Isaac Tsang—senior engineer of building sustainability for Arup—notes the influence that Chengdu weather had on choosing systems. Gray skies and abundant rainfall meant that solar technologies were passed over, but rainwater collection from the roofs and the plaza was pursued. The water is used primarily to irrigate ginkgos, Osmanthus, bamboo, and other vegetation in the central plaza and to wash the underground parking area (the complex includes 895 parking spaces).
"The public space is the success of this project," Bannura says. "If you look at all our projects in China, the public component is very important. And I would say without hesitation that it works tremendously well." This space is made possible only by inverting the ubiquitous Chinese skirt building, with its low-rise commercial base beneath a central office or residential tower. The SHA design loses several floors of street-side advertising to gain an active public area, and Bannura credits CapitaLand for being open to this atypical model.

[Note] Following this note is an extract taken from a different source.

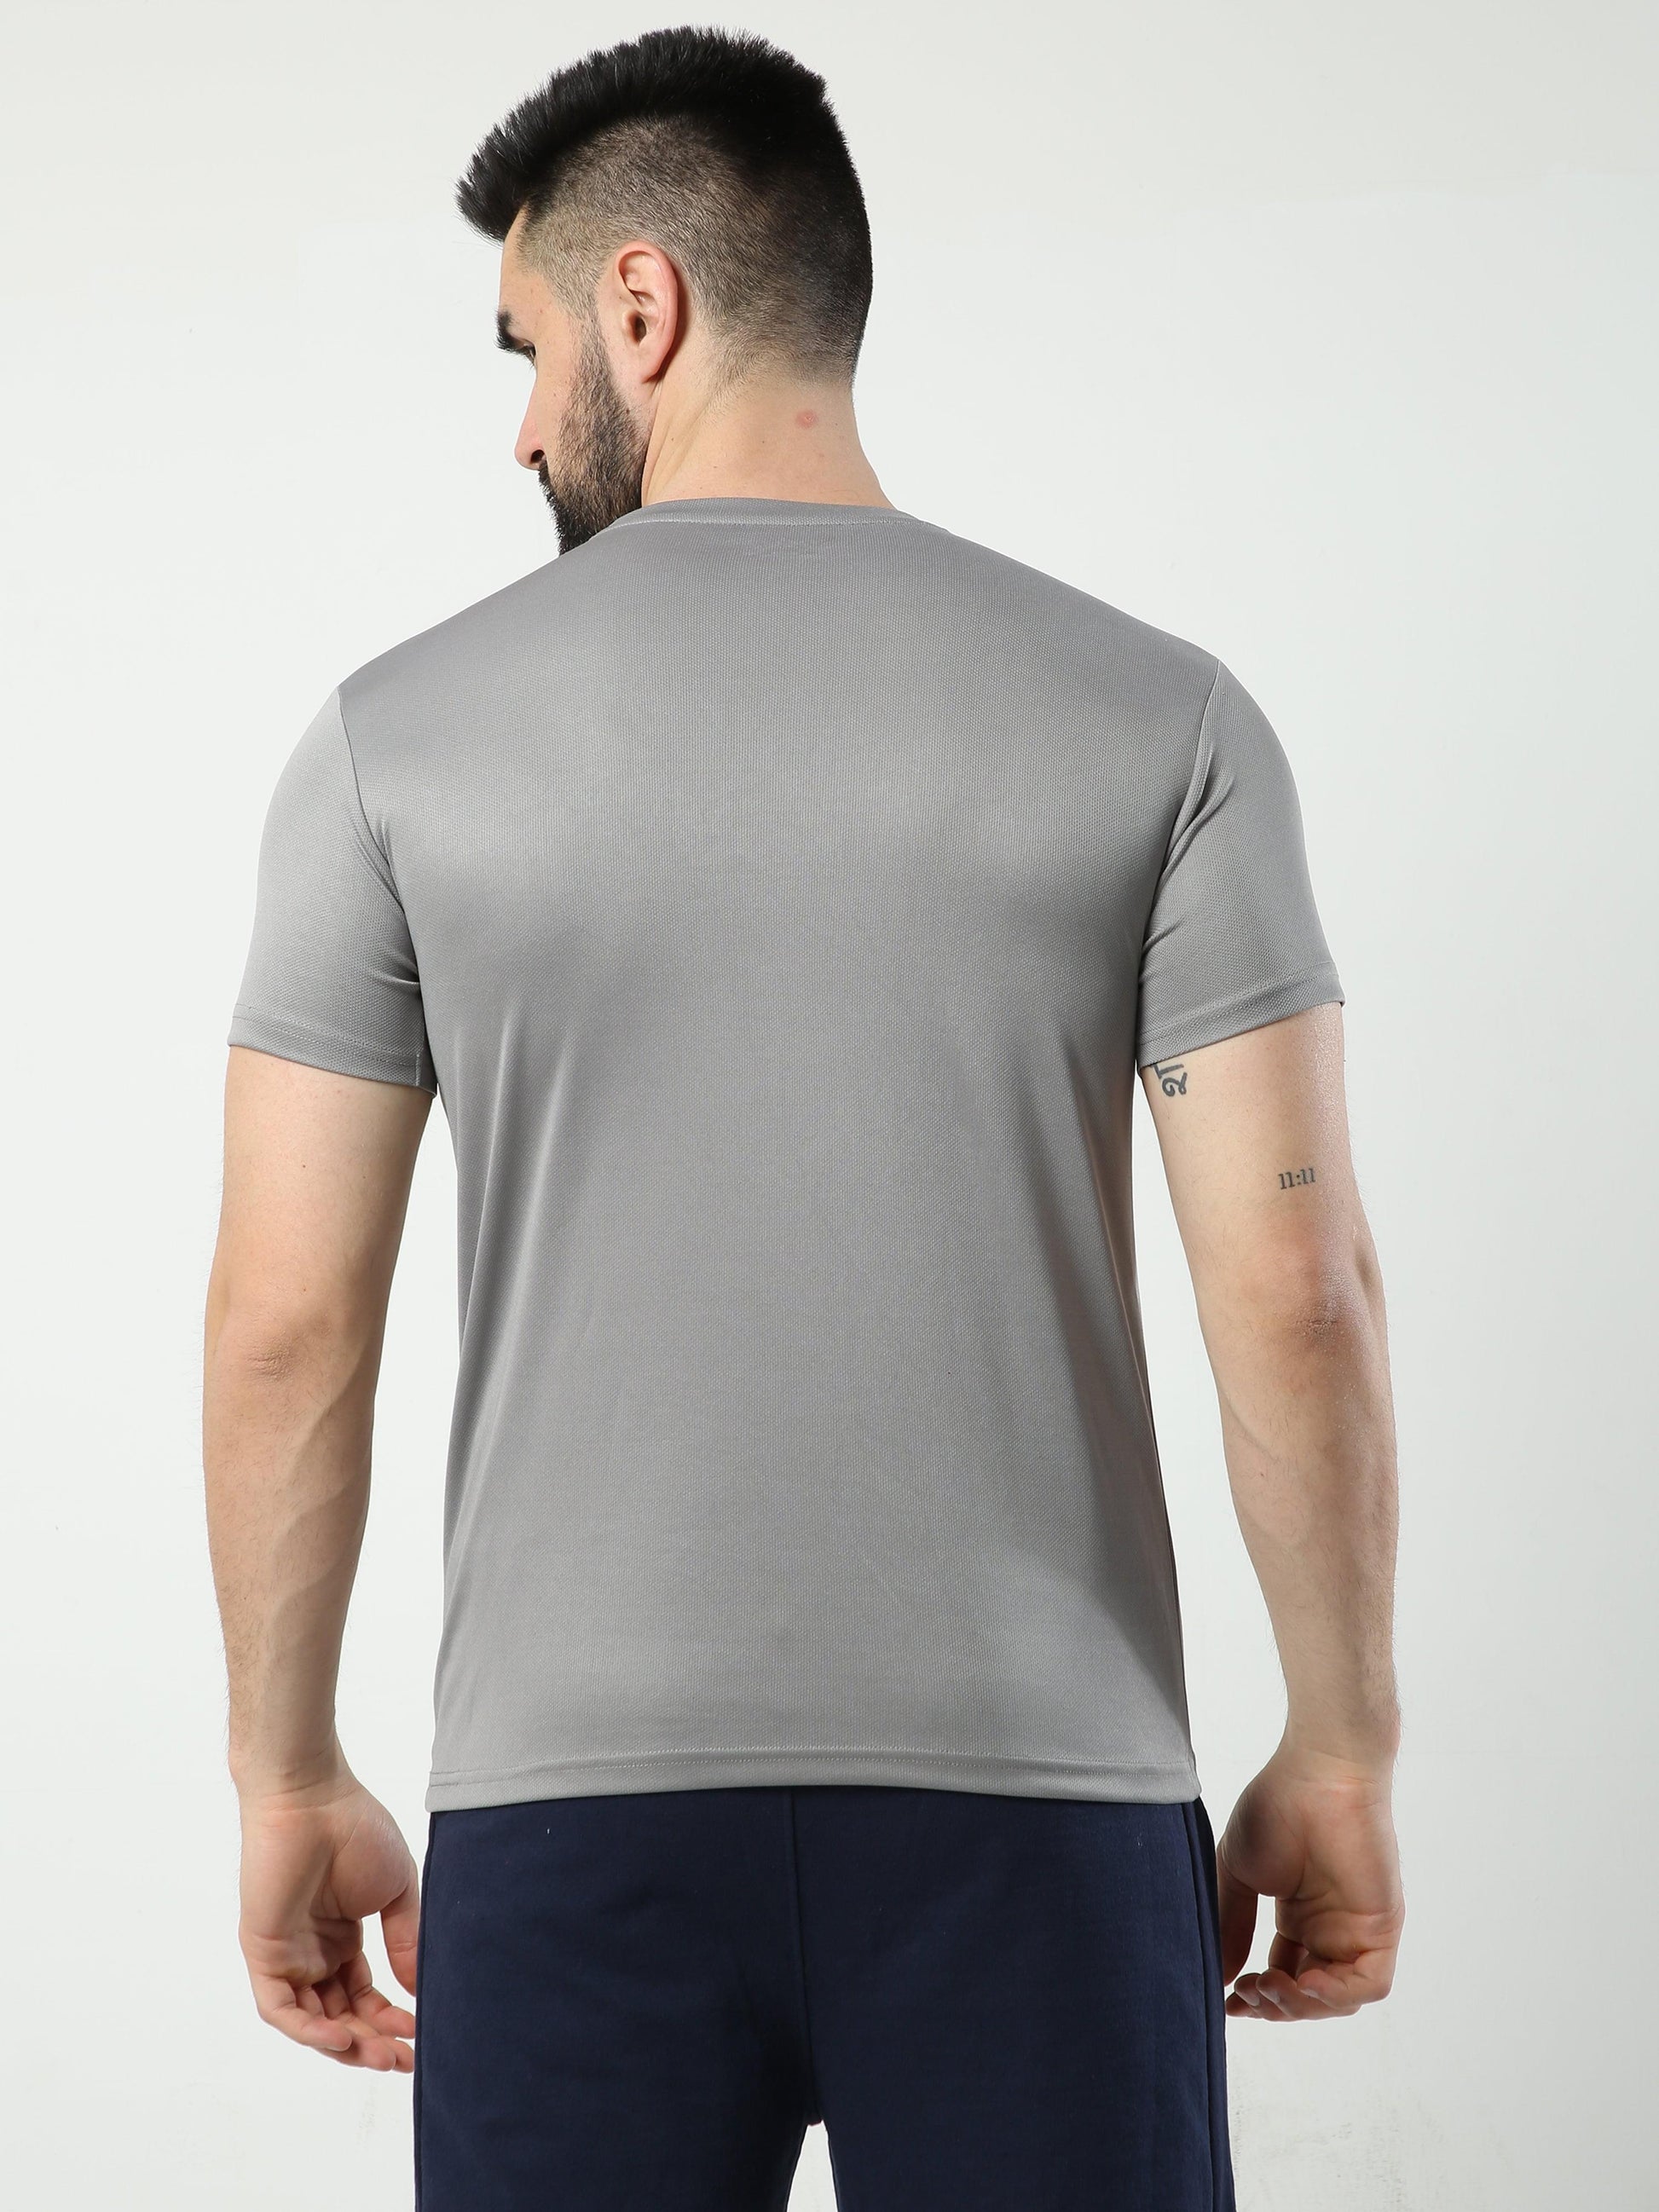 Athleisure Men's Premium T-Shirt - Charcoal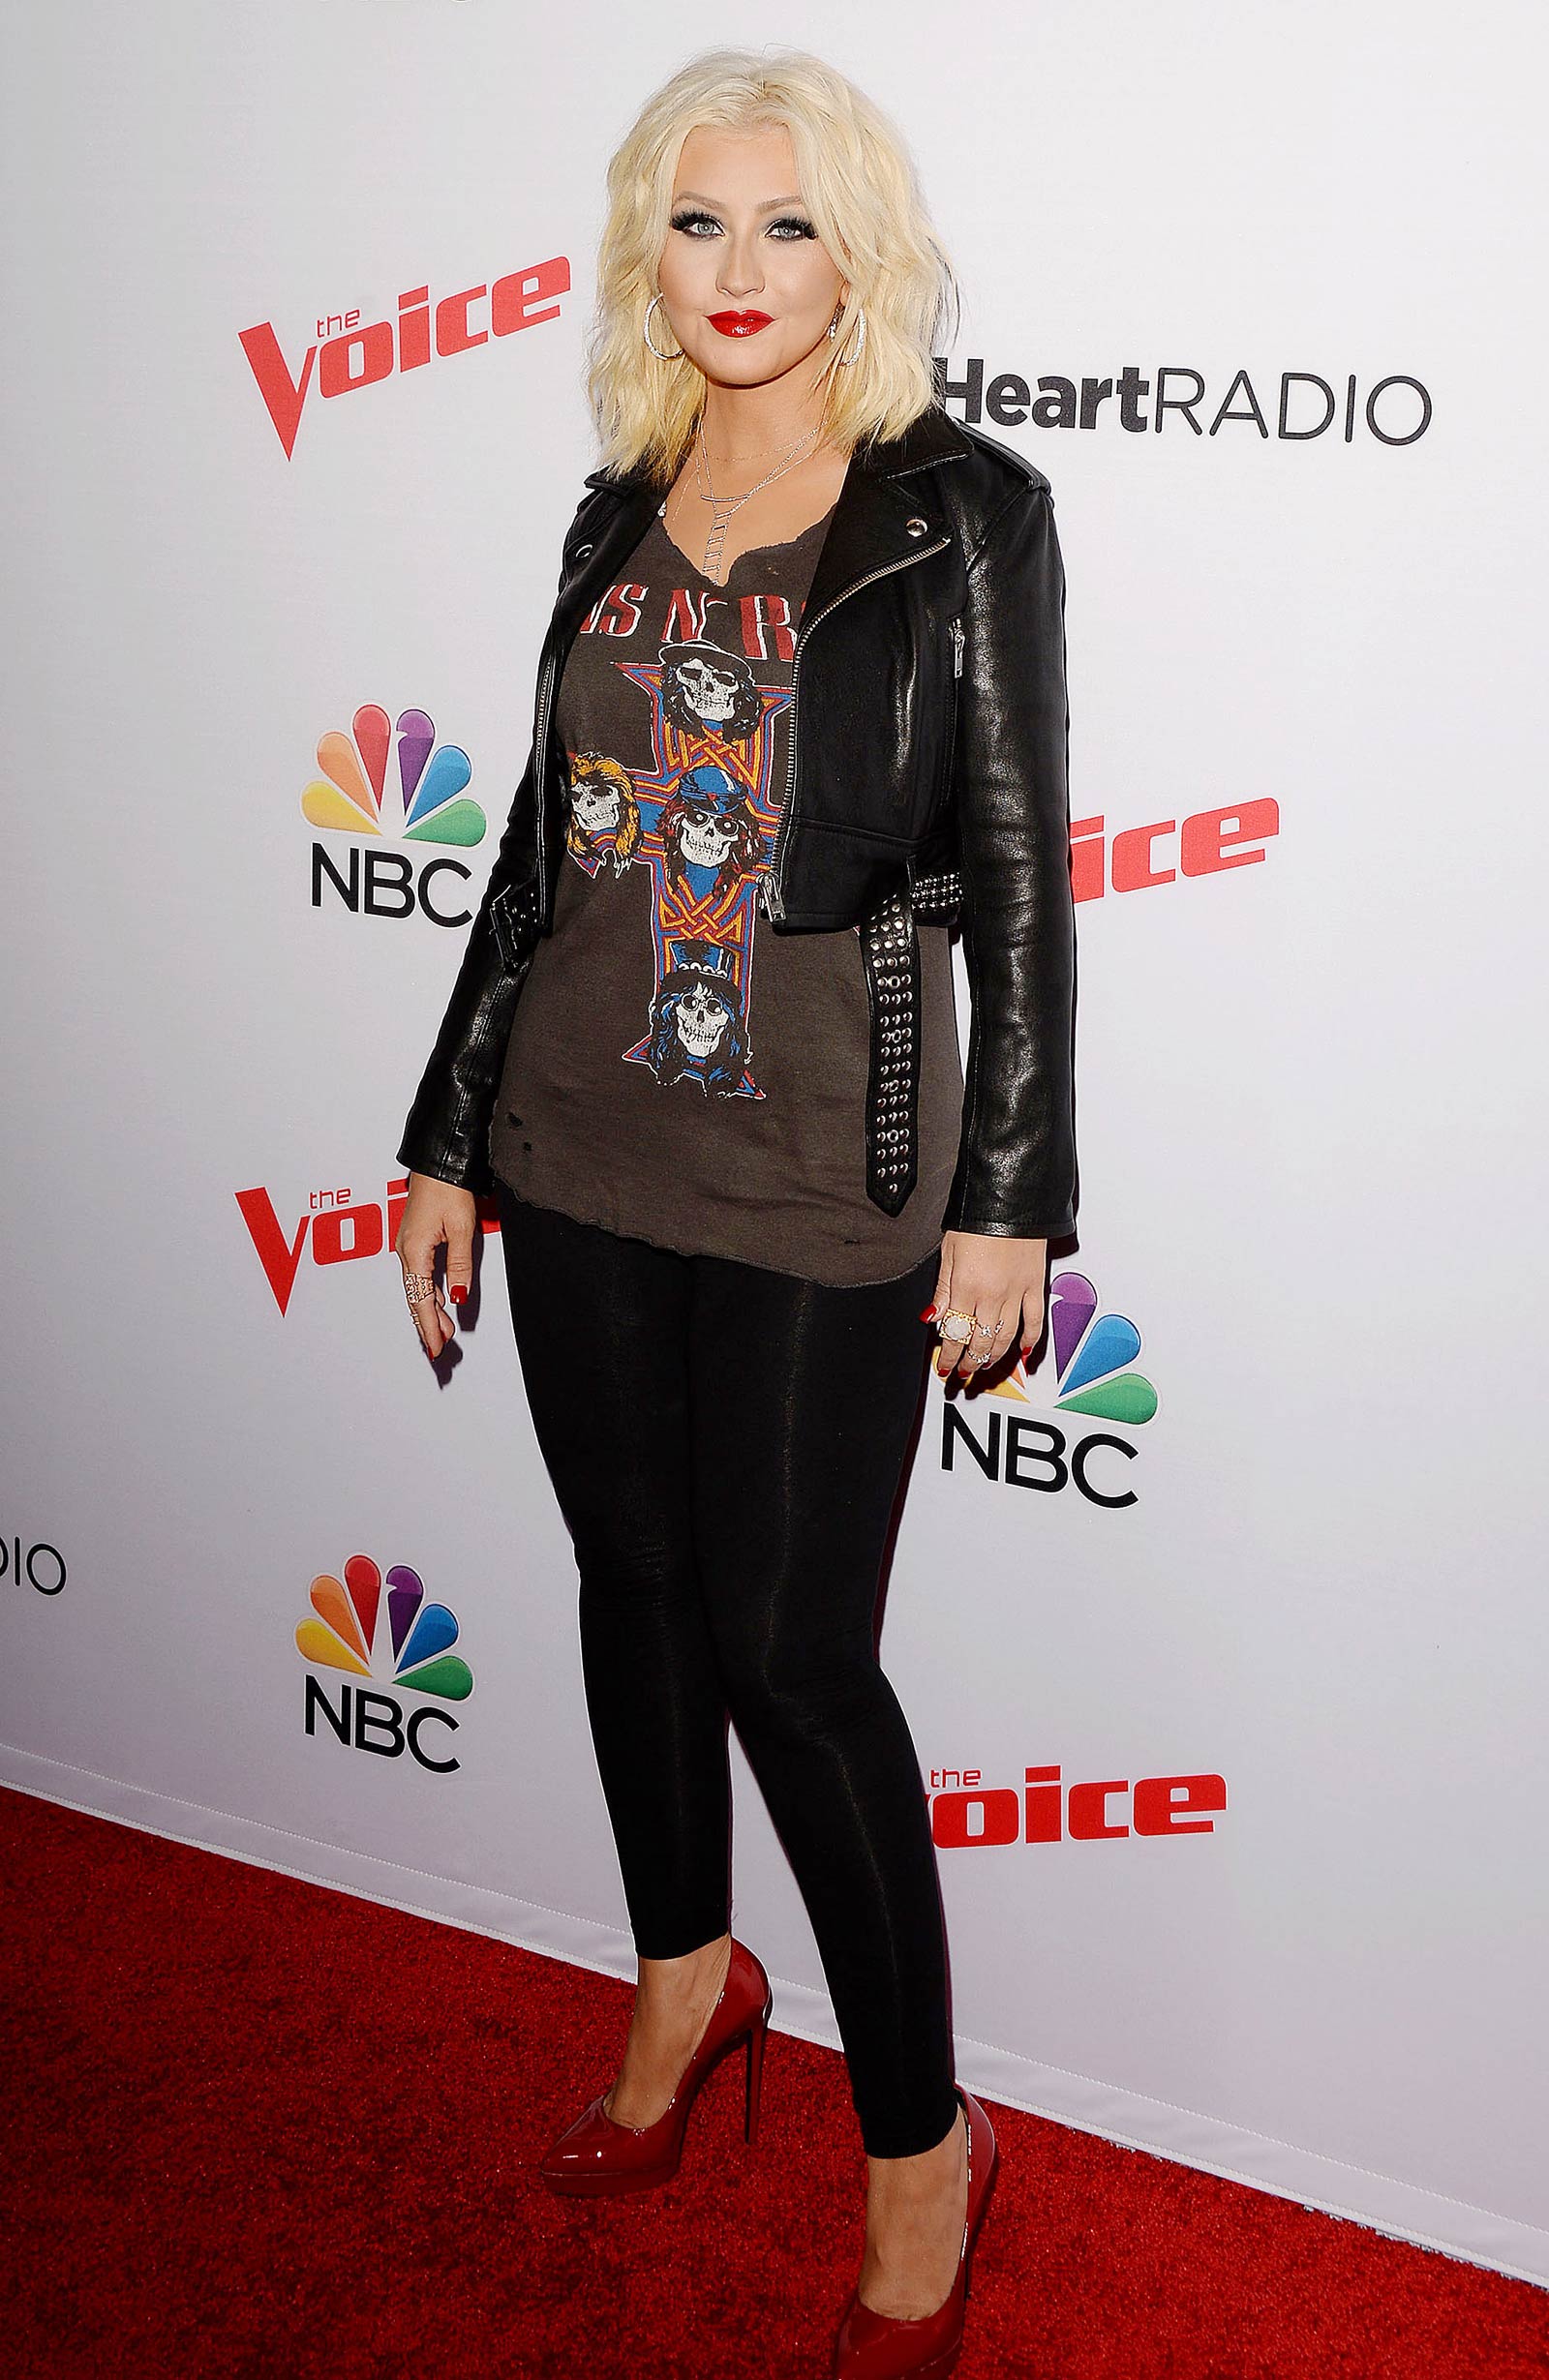 Christina Aguilera attends NBC The Voice Season 8 red carpet event

On a recent visit to the site, the central plaza was well occupied by a variety of users: seniors strolling with their grandchildren, monks eating at an outdoor restaurant table, and people observing the Light Pavilion. Seven smaller green spaces along South Renmin Road elicited different activities, including skateboarding. These spaces lacked the line dancers, circuit walkers, and card players that one typically finds in Chinese parks. This may be a product of the newness of the place. Or it may be a matter of design. Sliced Porosity Block's complex formal arrangement of buildings, multilevel plaza, and installations of artistically conceived fountains, landscaping, and pavilions may be more conducive to visual appreciation than to activities. Its sustainable design—including its central Chengdu site, easy transportation access, and multiple uses and attractions—make it a place to visit. Its poetic design makes it a place for contemplation.